Researchers from Cardiff University in Wales think they have discovered something with the potential to prevent the onset of an aggressive form of rheumatoid arthritis (RA) that is especially hard to treat. The team is now shedding light on how interleukin-27, an immune system protein, regulates the inflammatory process in lymphoid-rich RA. The researchers indicate that they are the first to be able to explain how this variant of the disease develops.
Understanding this process, they said in the October 6, 2015 news release, will enable doctors to divide patients into different sub-groups based on the often greatly varying patterns of disease, which is influenced by how much interleukin-27 is present in each patient’s joints.
The researchers also anticipate that their identification of interleukin-27 involvement in this specific disease context will kick-start the search for new drugs that manipulate the pathways controlled by this factor. Dr. Gareth Jones, from Cardiff University School of Medicine’s Institute of Infection & Immunity, said in the news release, “…The key is identifying which drug is best suited for an individual patient. Making the correct treatment decisions, sufficiently early in the disease process will improve disease outcome, enhance a patients wellbeing and overall quality of life.”
Dr. Jones told OTW, “The objective of our research is to understand the immune mechanisms responsible for driving tissue damage, chronic disease progression and autoimmunity. The clinical features of joint inflammation vary considerably from one rheumatoid arthritis patient to the next. We are interested in determining the inflammatory processes that account for this diversity. Our study focused on a particular subtype of rheumatoid arthritis pathology, called the ‘follicular pathotype, ’ that is associated with severe disease symptoms and a poor response to some of the mainstream therapies (e.g. anti-TNF). This type of synovial pathology (affecting 30-40% of patients) is characterised by the presence of highly organised clusters of activated immune cells, called ectopic lymphoid-like structures (ELS), which are dotted throughout the inflamed joint tissue and contribute to local pathology. Using cell-based systems, experimental models of arthritis and ultrasound-guided synovial biopsies from rheumatoid patients with early disease, we show that the cytokine interlukin-27 interferes with the development of follicular-type pathology in rheumatoid arthritis.
“Using experimental models of inflammatory arthritis we describe a molecular mechanism to explain how synovial ELS develop, which may aid the design of more targeted therapies for future patient treatment. Based on our analysis of joint tissues from rheumatoid patients, it is anticipated that the detection of interleukin-27 in the joints may also be used as a predictive marker for diagnostic purposes and decision-making regard the best course of therapy for patients with ELS-associated disease.”
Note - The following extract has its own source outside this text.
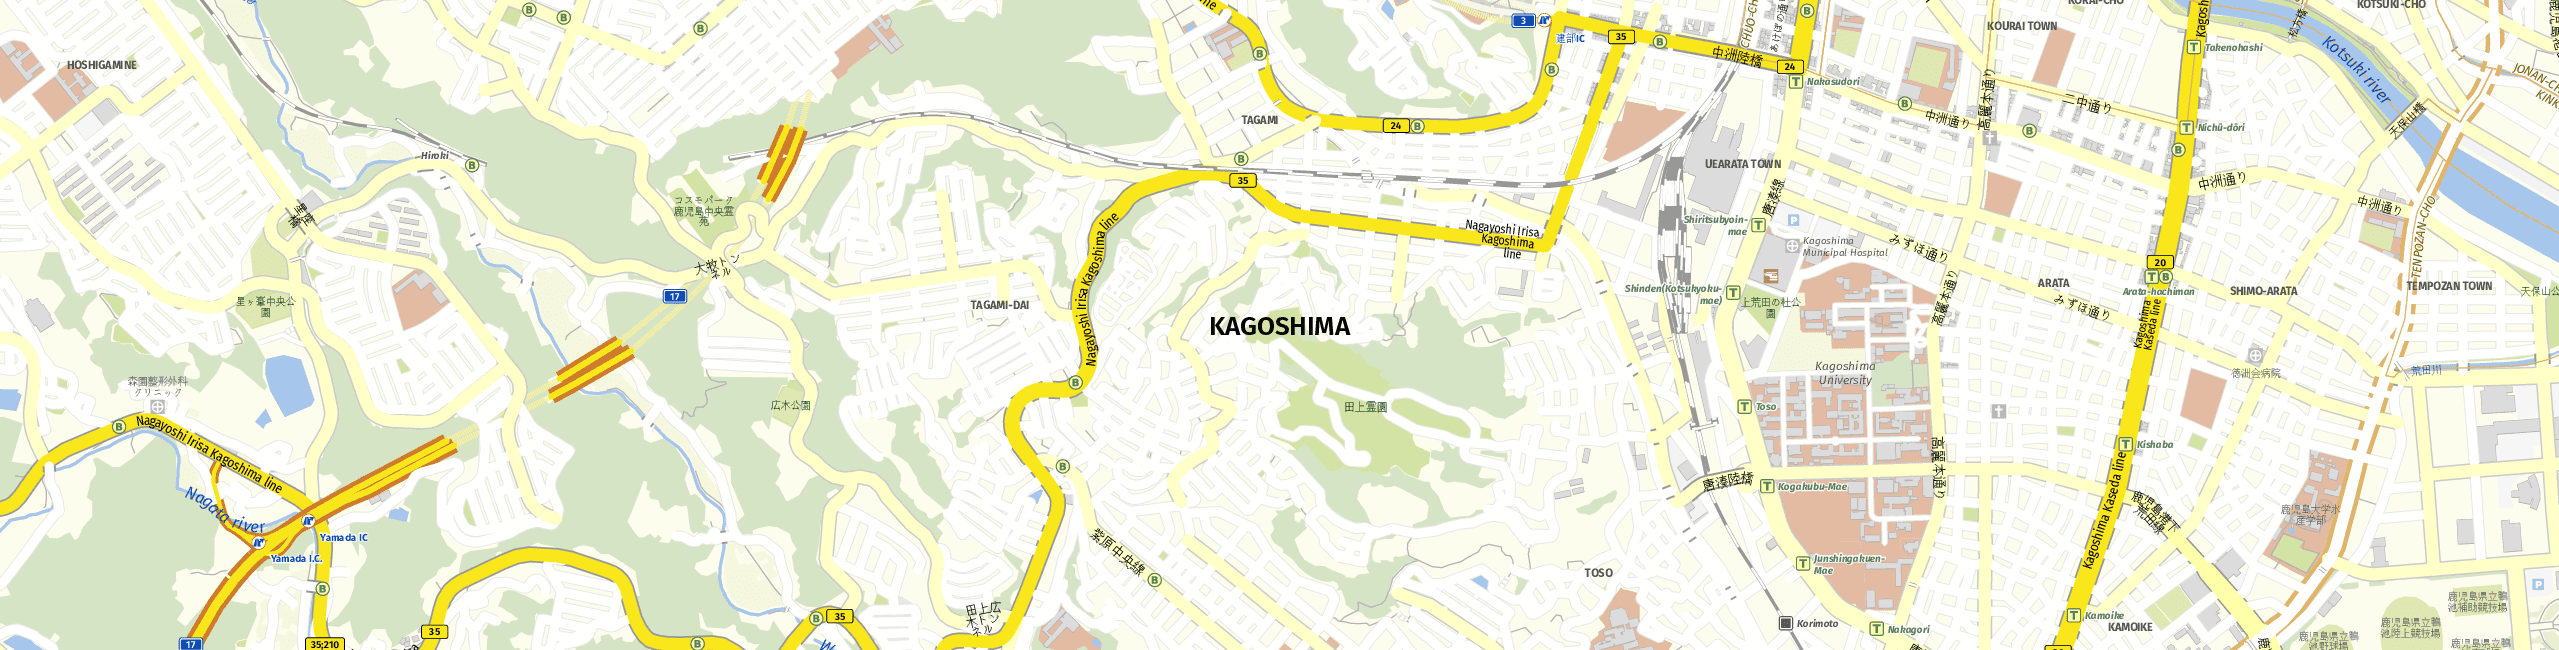 Stadtplan Kagoshima zum Downloaden.

“Our data suggest that the ability of IL-27 to dampen T helper cell responses, specifically Th17 cells, accounts for its suppressive role in synovial ELS formation. This is the first study describing IL-27 as a regulator of ELS development in chronic inflammatory diseases. Our data, together with previously described anti-inflammatory roles for IL-27 in chronic inflammatory conditions, highlight its potential as a therapeutic.